DATA SHOWN

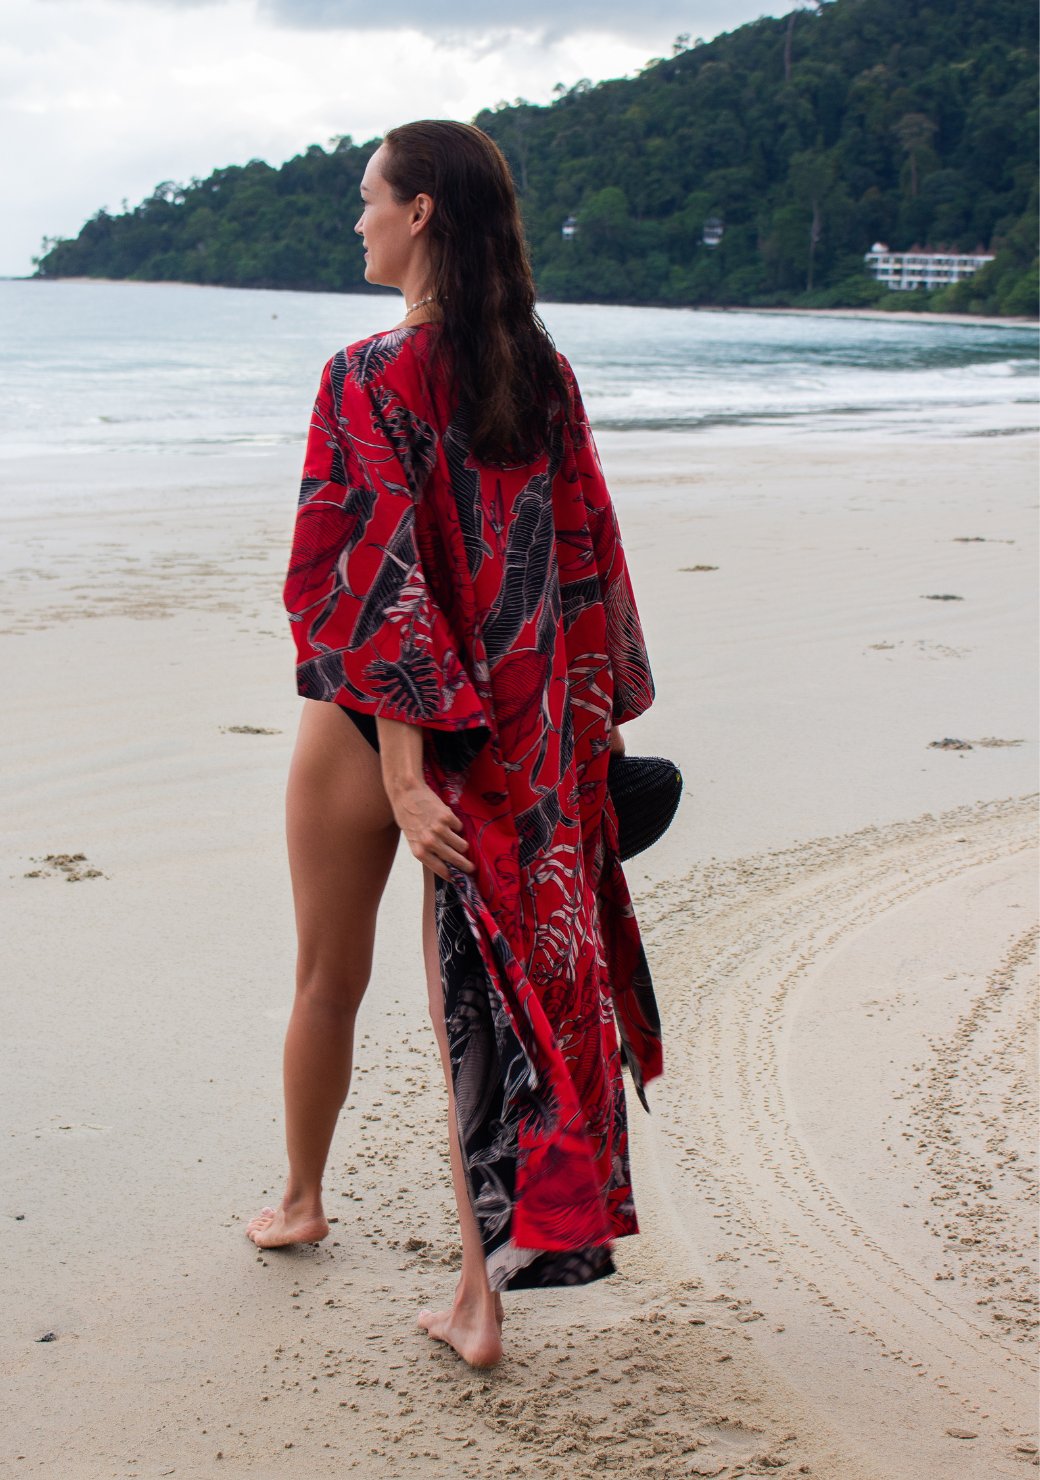 Reversible Long Cotton Kimono Robe in Tropical Foliage in Red & Black
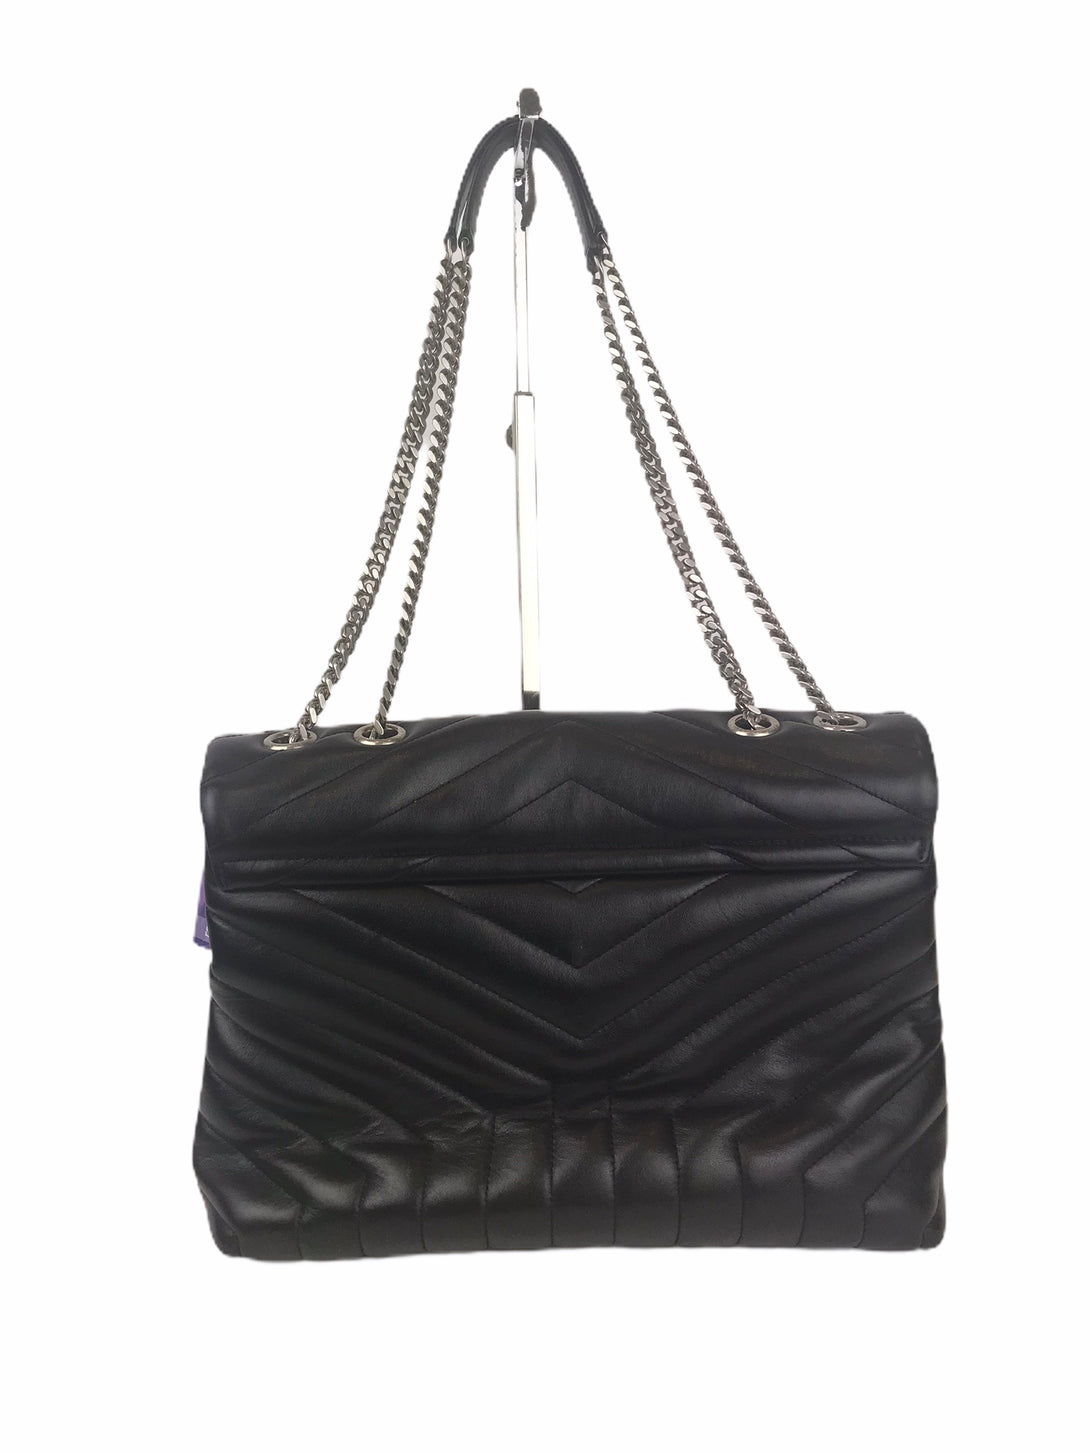 Saint Laurent Black Leather LouLou Shoulder Bag - As Seen on Instagram 23/08/2020 - Siopaella Designer Exchange
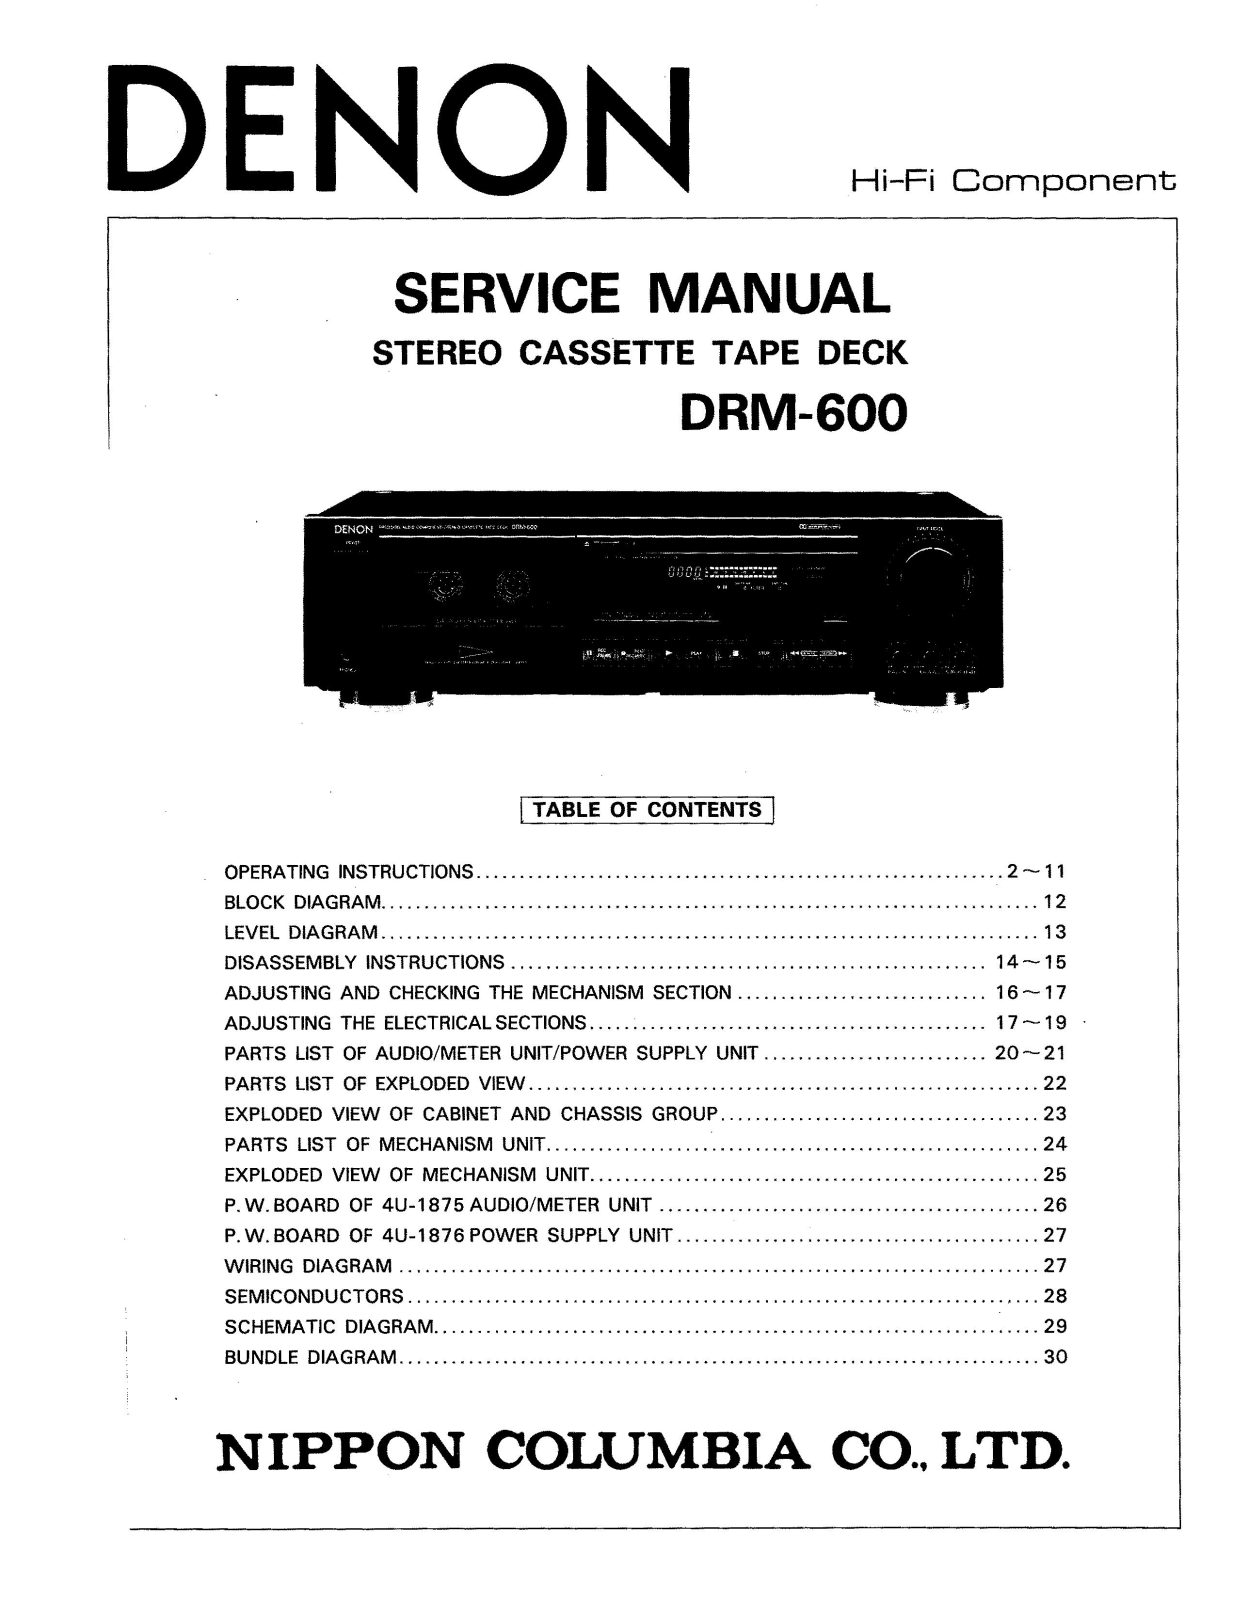 Denon DRM-600 Service Manual

WHAT IS REQUIRED
Each line of the listing above should be retyped exactly, with no pictures.

WORKED SOLUTION
 Reversible Long Cotton Kimono Robe in Tropical Foliage in Red & Black
 Saint Laurent Black Leather LouLou Shoulder Bag - As Seen on Instagram 23/08/2020 - Siopaella Designer Exchange
 Denon DRM-600 Service Manual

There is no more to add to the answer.